MontrealCorpusTools / PolyglotDB

Language data store and linguistic query API
MIT License
36 stars 13 forks source link

Empty intervals on textgrid tiers not parsed as <SIL> #164

Closed soskuthy closed 2 years ago

soskuthy commented 2 years ago

When importing textgrid corpora (using either the textgrid or the MFA parser), empty intervals are simply skipped during import, not replaced with \<SIL>. This then makes it impossible to enrich the corpus with e.g. utterances, which rely on these intervals.

I've traced the issue praatio: when using tgio.openTextgrid, the keyword argument readRaw=True should be added.
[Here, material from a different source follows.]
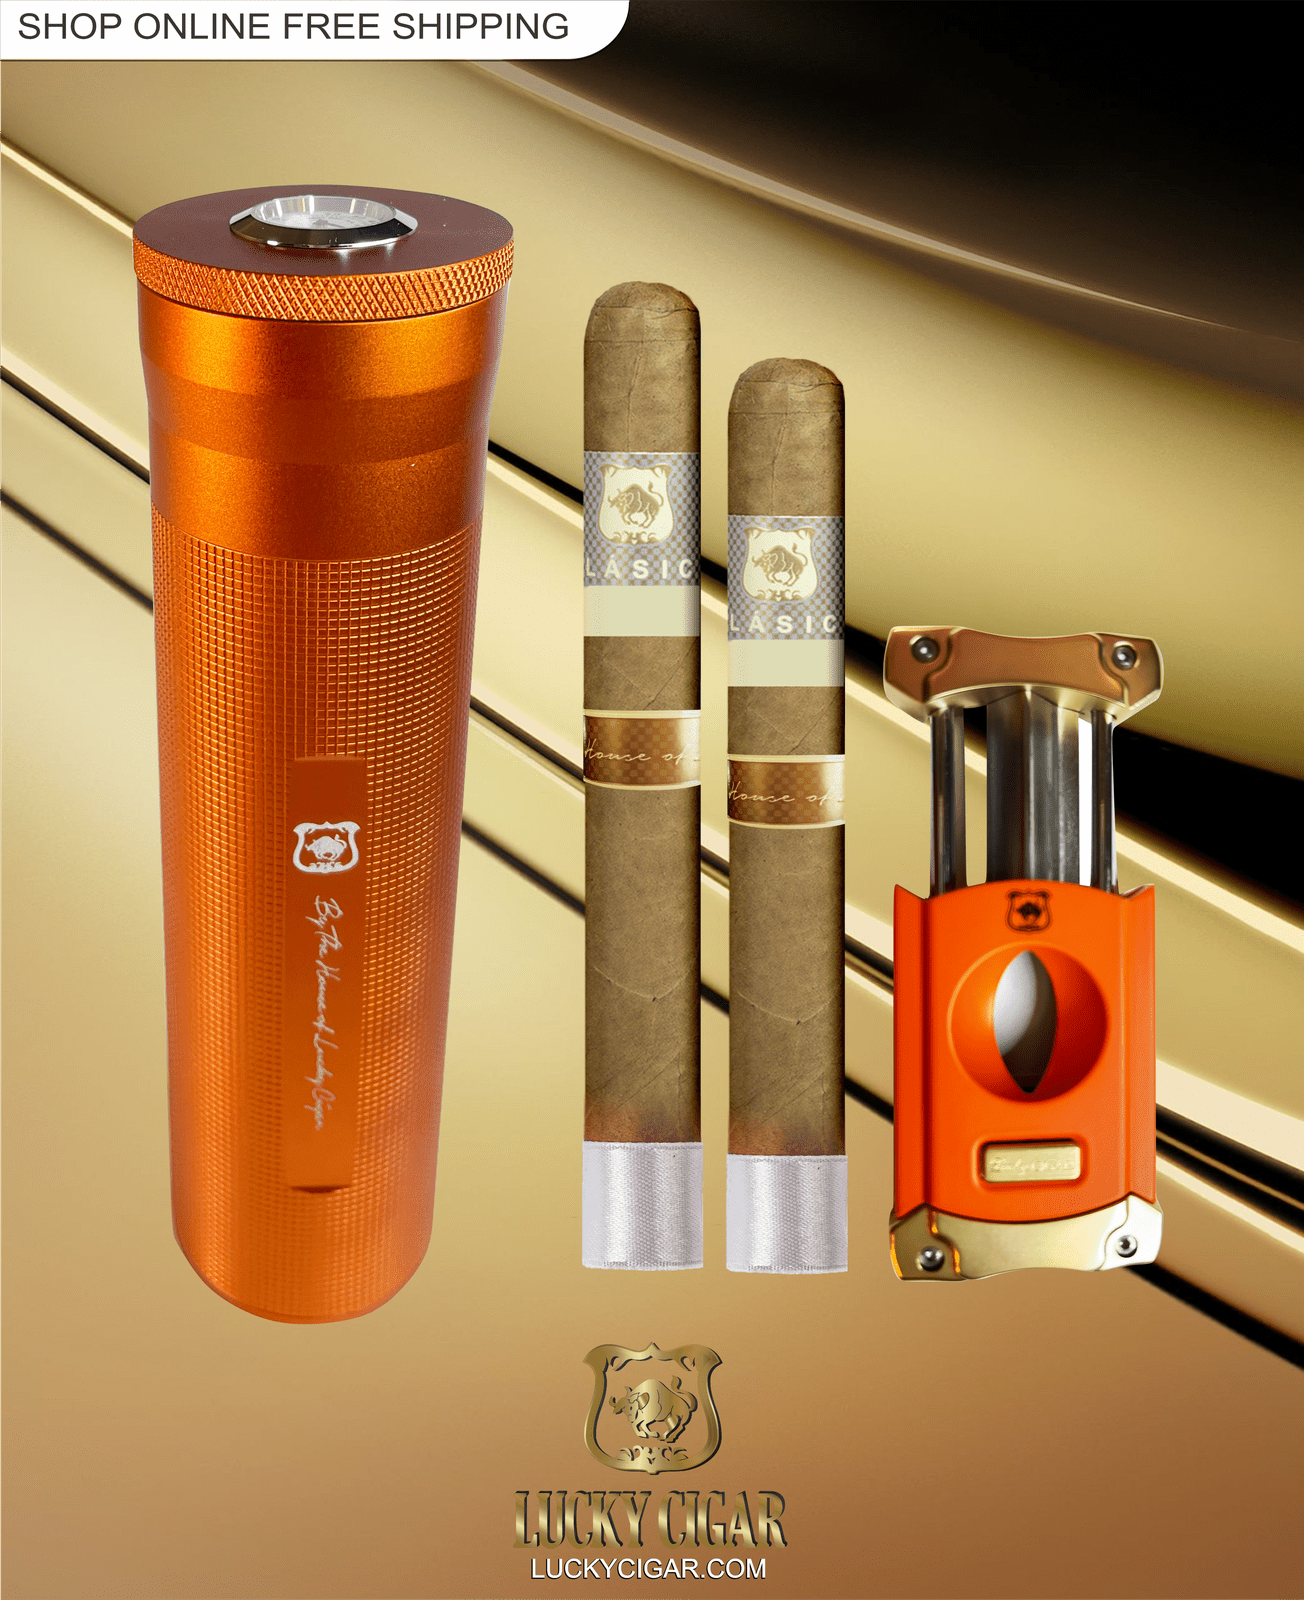 Lucky Cigar Sampler Sets: Set of 2 Classico Toro, Robusto Cigars with Cutter, Travel Humidor Tube with Hygrometer

I guess this is because praatio has been updated? So the issue could be fixed either by adding the argument in the code for the textgrid parser or by forcing the installation of an earlier version of praatio when setting up polyglotDB.

james-tanner commented 2 years ago

I see that this issue has been addressed in the change to praatIO 5.0 and now includes a includeEmptyIntervals argument to openTextgrid. It may be worth upgrading praatIO in Polyglot but would involve some (small) code changes to account for the renaming of classes. Alternative is to do as you've said and use readRaw=True in praatIO < 5.0.

@mmcauliffe Which would be preferable?

mmcauliffe commented 2 years ago

Updated it to use the newer version of praatIO, so it should be good now.